Let’s illustrate, assume this totally contrived example program which has a dictionary of char to int. And in this dictionary we want to store a char and it’s ordinal (that is, A = 1, B = 2, etc). So for our value generator, we will simply increment the previous value in a thread-safe way (perhaps using Interlocked):
1: public static class Program
2: {
3: private static int _nextNumber = 0;
4:
5: // the holder of the char to ordinal
6: private static ConcurrentDictionary<char, int> _dictionary
7: = new ConcurrentDictionary<char, int>();
8:
9: // get the next id value
10: public static int NextId
11: {
12: get { return Interlocked.Increment(ref _nextNumber); }
13: }
Then, we add a method that will perform our insert:
1: public static void Inserter()
2: {
3: for (int i = 0; i < 26; i++)
4: {
5: _dictionary.GetOrAdd((char)('A' + i), key => NextId);
6: }
7: }
Finally, we run our test by starting two tasks to do this work and get the results…
1: public static void Main()
2: {
3: // 3 tasks attempting to get/insert
4: var tasks = new List<Task>
5: {
6: new Task(Inserter),
7: new Task(Inserter)
8: };
9:
10: tasks.ForEach(t => t.Start());
11: Task.WaitAll(tasks.ToArray());
12:
13: foreach (var pair in _dictionary.OrderBy(p => p.Key))
14: {
15: Console.WriteLine(pair.Key + ":" + pair.Value);
16: }
17: }
If you run this with only one task, you get the expected A:1, B:2, ..., Z:26. But running this in parallel you will get something a bit more complex. My run netted these results:
1: A:1
2: B:3
3: C:4
4: D:5
5: E:6
6: F:7
7: G:8
8: H:9
9: I:10
10: J:11
11: K:12
12: L:13
13: M:14
14: N:15
15: O:16
16: P:17
17: Q:18
18: R:19
19: S:20
20: T:21
21: U:22
22: V:23
23: W:24
24: X:25
25: Y:26
26: Z:27
Notice that B is 3? This is most likely because both threads attempted to call GetOrAdd() at roughly the same time and both saw that B did not exist, thus they both called the generator and one thread got back 2 and the other got back 3. However, only one of those threads can get the lock at a time for the actual insert, and thus the one that generated the 3 won and the 3 was inserted and the 2 got discarded.
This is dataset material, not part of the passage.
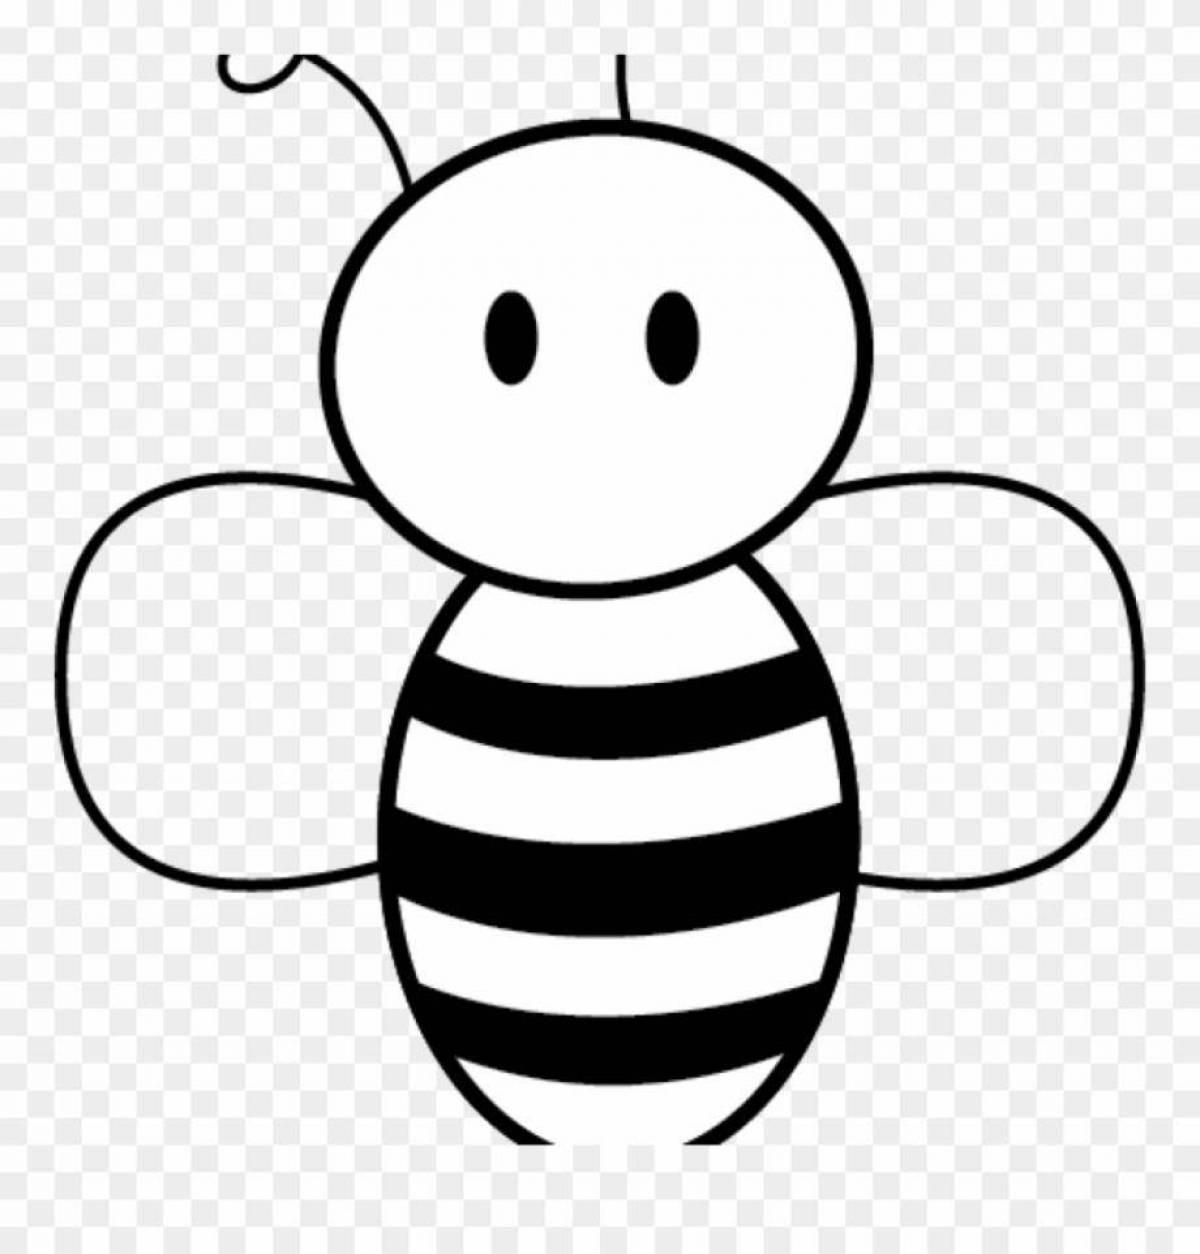 Раскраска пчёлка для детей

This is why on these methods your factory delegates should be careful not to have any logic that would be unsafe if the value they generate will be pitched in favor of another item generated at roughly the same time. As such, it is probably a good idea to keep those generators as stateless as possible.
Summary
The ConcurrentDictionary is a very efficient and thread-safe version of the Dictionary generic collection. It has all the benefits of type-safety that it’s generic collection counterpart does, and in addition is extremely efficient especially when there are more reads than writes concurrently.